In a subset of rats, we performed a probe-pulse stimulation technique to measure cEPs. We applied two superimposed stimulation trains, a first functional stimulation train that could have varying stimulation frequencies and amplitudes and a second probe stimulation train at a lower frequency with fixed stimulation parameters. This probe-pulse train was set at a subharmonic of the first functional train so that the probe pulses simply replaced those of the functional train. In our offline analysis we then only quantified the cEPs evoked from the probe pulses, enabling us to determine any functional changes in cEP features due to the different stimulation conditions. We used this technique with four stimulation frequencies (13, 75, 130, 200 Hz) and three amplitudes (0.6, 0.8, 1.0 max amplitude) titrated to each rat’s therapeutically effective amplitude. We used a probe pulse frequency of 13 Hz, and the subharmonic closest to 13 Hz was selected for the probe pulses (e.g., for 75 Hz, every 6th pulse was a probe pulse), with the probe pulse set to 100% amplitude. This technique was used during methamphetamine-induced circling (see Behavioral Tests) to assess improvements in motor behavior.

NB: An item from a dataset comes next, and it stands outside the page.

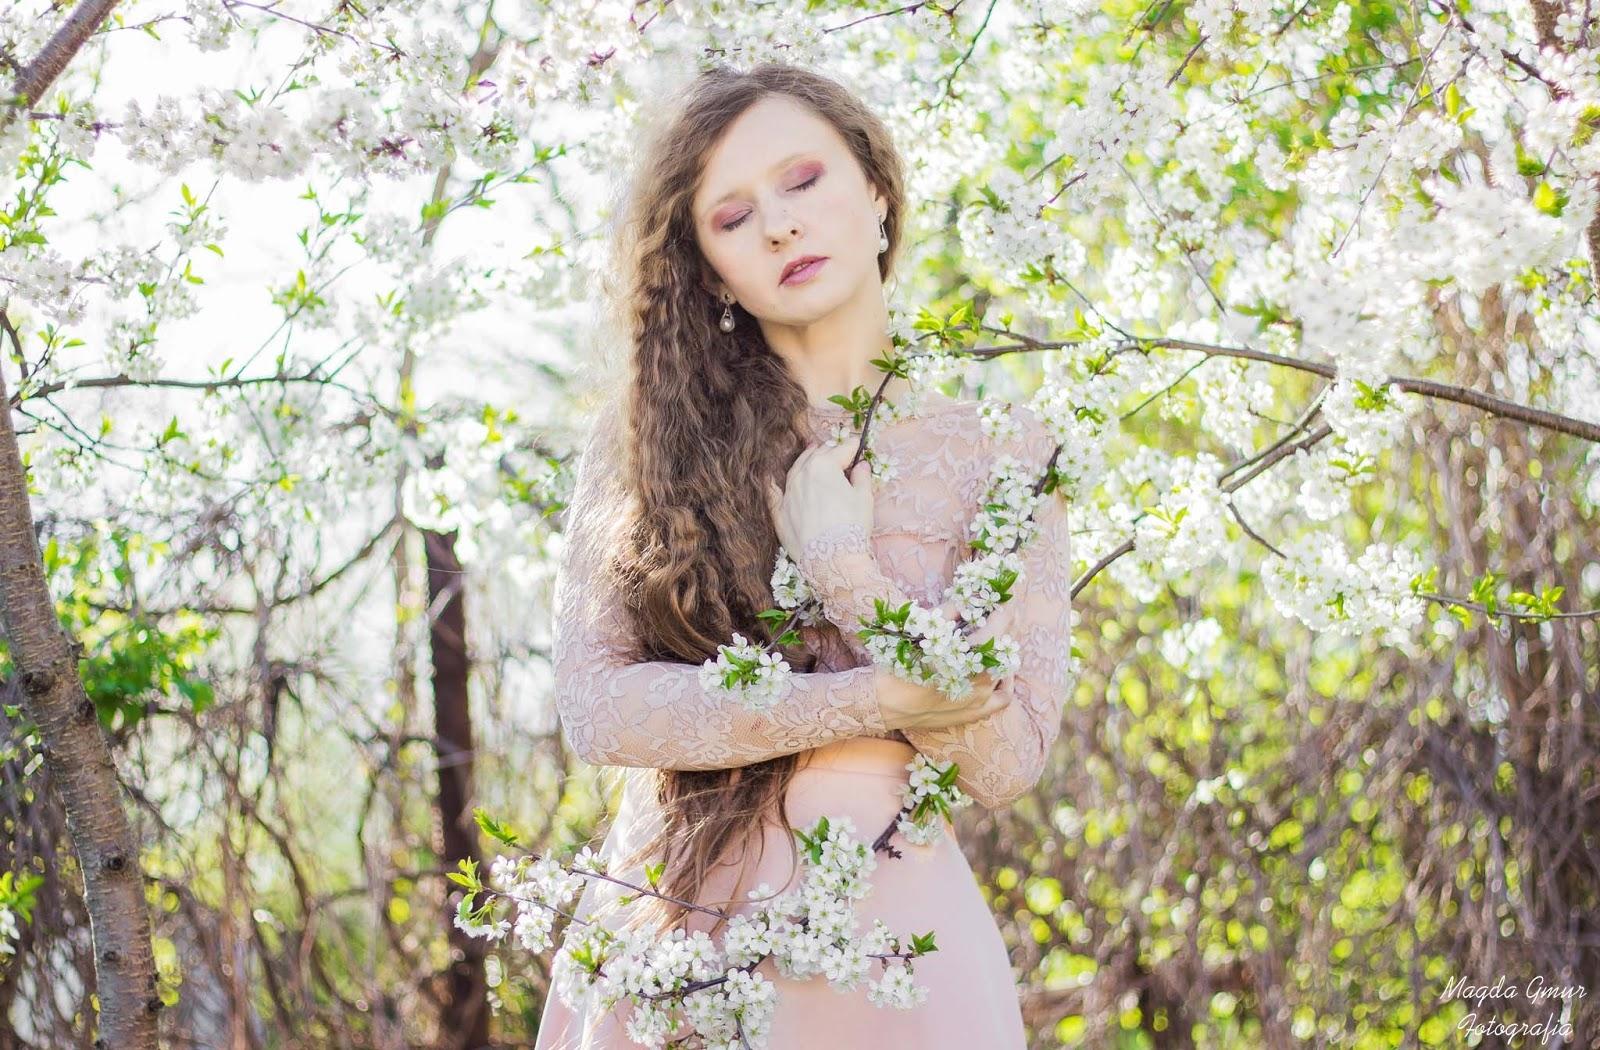 Wiosenna sesja, białe kwiaty, magda gmur fotografia, fotograf lublin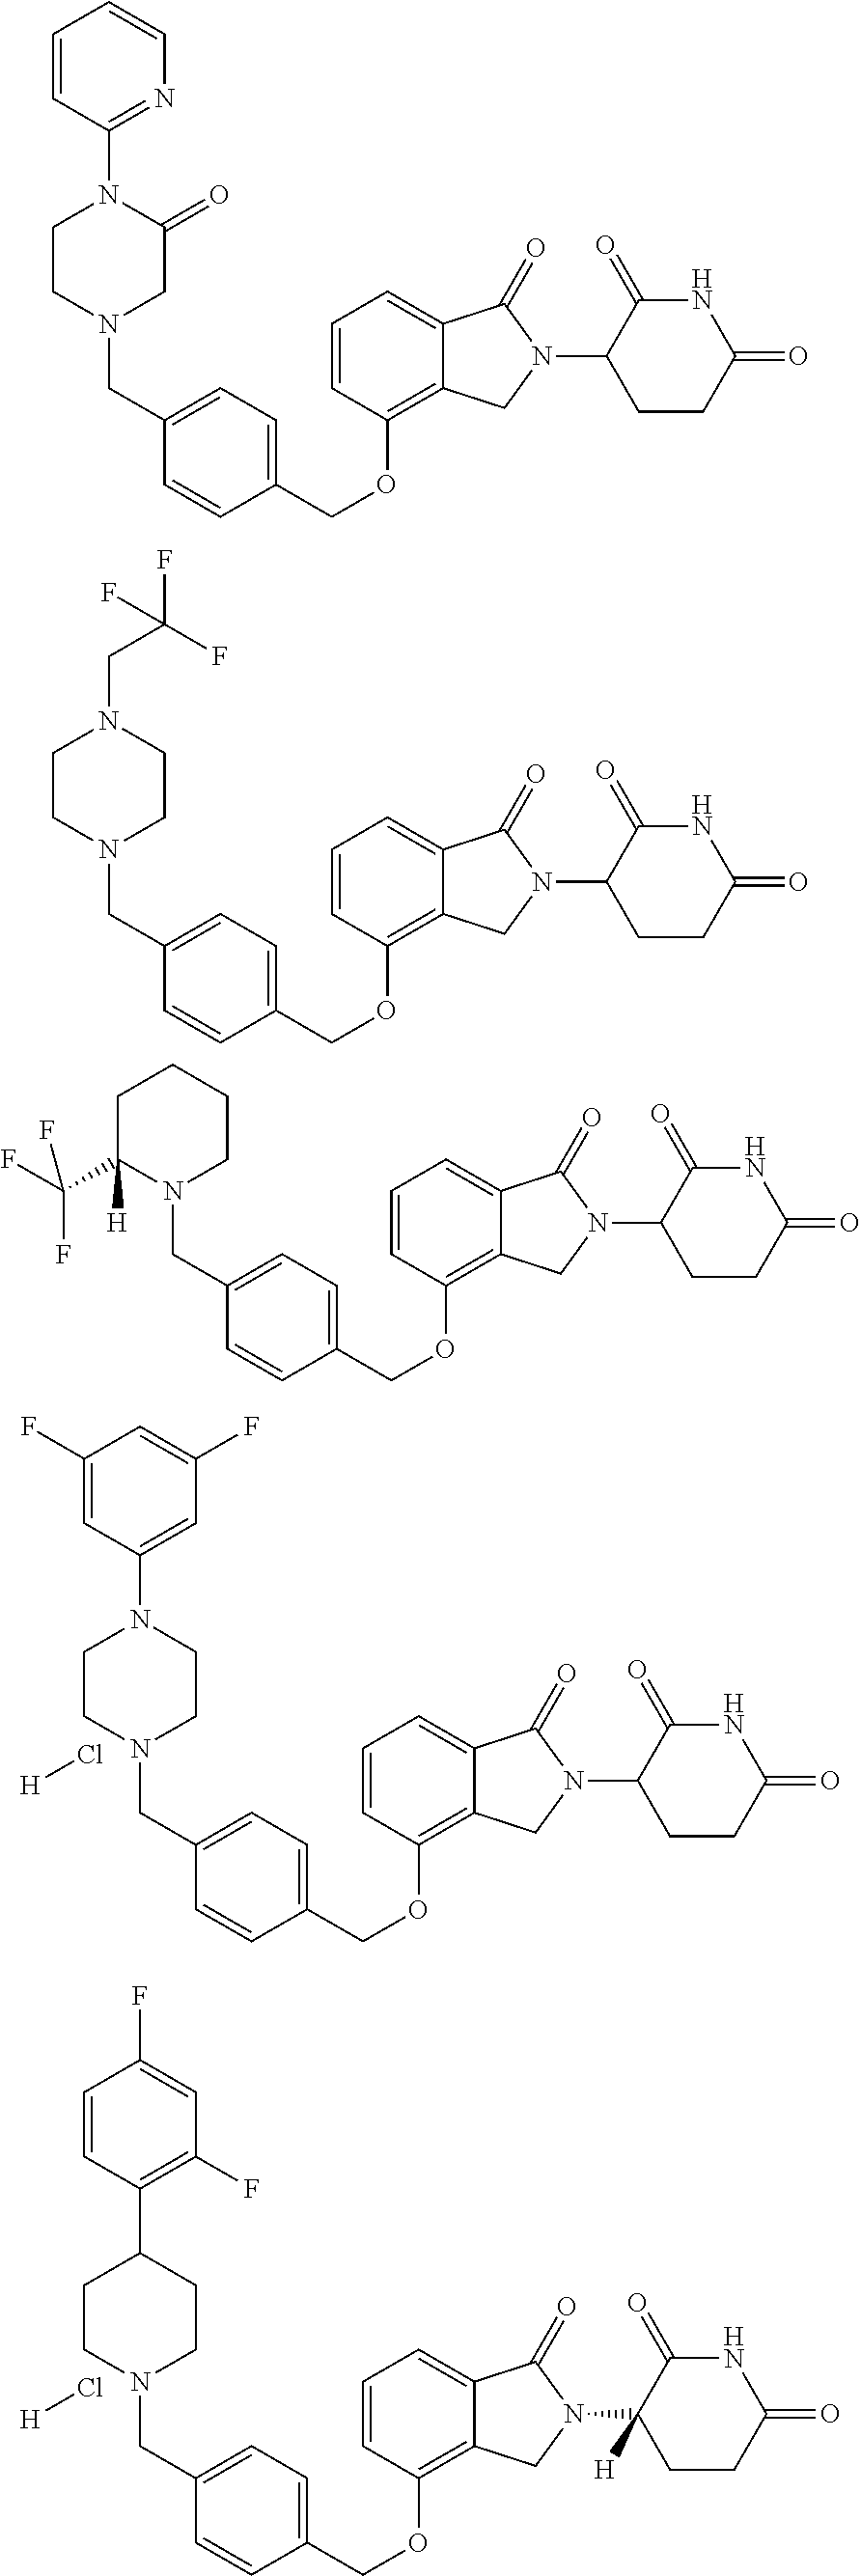 Figure US09822094-20171121-C00047

In another set of experiments, we quantified the refractory period of the cEP. While rats were in an awake, freely moving state we delivered a paired-pulse stimulation protocol using interpulse intervals (IPIs) of 0.5, 0.75, 1, 1.25, 1.5, 1.75, 2, 3, 4, 5, 15, 50, 100, and 1,000 ms, with 1 s between the start of each pair of stimuli and a total of 120 stimuli pairs applied over 2 min. The order of each 2-min stimulation epoch was randomized, and a 5-min washout period elapsed between epochs. The cEP magnitudes of the second pulses in each pair, normalized to the cEP magnitude at 1 Hz, were then fit by a sigmoid, $y\mathrm{=}\frac{1}{1\mathrm{+}{e}^{\left(t_{50}\mathrm{-}t\right)\mathrm{\times slope}}}$, to determine the refractory period of the cEP. Each experiment was performed once in each animal with stimulation contacts and amplitude chosen during the contact test to be therapeutically effective. The person conducting the experiment was aware of the stimulation settings used, but all offline analysis of the data was automated and thus blinding was not applicable.

Behavioral Tests

Simultaneous STN stimulation and ECoG recordings were conducted during behavioral tests at different stimulation frequencies to determine the correlation between various biomarkers and changes in motor behaviors. Seven different stimulation frequencies were used (13, 25, 50, 75, 100, 130, 200 Hz), with individual frequencies selected to span a range of known behavioral efficacies (37, 38, 45–47) and not to fall on harmonics of 60 Hz. In one animal we used a different set of stimulation frequencies, 10, 20, 30, 50, 60, 75, 100, 115, and 130 Hz, and the results from this animal were included in the correlation analysis but were not used in the characterization of the cEP over time.

We used two different behavioral tests to assess motor behaviors: methamphetamine-induced circling and an adjusting steps task. For the circling task, rats were given a single injection of methamphetamine (1.875 mg/kg in 0.9% saline ip) 20 min before placement in a cylinder (44). The cylinder was placed in a dark chamber, and an infrared camera was used to capture the rat behavior. A rotating electrical commutator (PlasticsOne) was used to prevent cable twisting. The behavioral effects of DBS were quantified with randomized blocks of the seven different stimulation frequencies. Each stimulation frequency was repeated at least three different times, with 60-s stimulation epochs spaced 120 s apart. Circling behavior was video recorded and tracked with behavioral analysis software (Clever Systems, Reston, VA). The angular velocity and distance traveled per minute (linear speed) were calculated offline from the tracking data with MATLAB. The normalized angular velocity and linear speed for each trial were calculated by dividing the average angular velocity or linear speed during the stimulation-on period by the average angular velocities or linear speeds during the 60-s pre-stimulation-off and post-stimulation-off periods immediately before and after each stimulation-on period. The normalized angular velocities and linear speeds for each stimulation rate were then averaged across all randomized blocks. Both the experiment (e.g., applying randomized stimulation blocks) and data analysis were automated, so blinding was not applicable.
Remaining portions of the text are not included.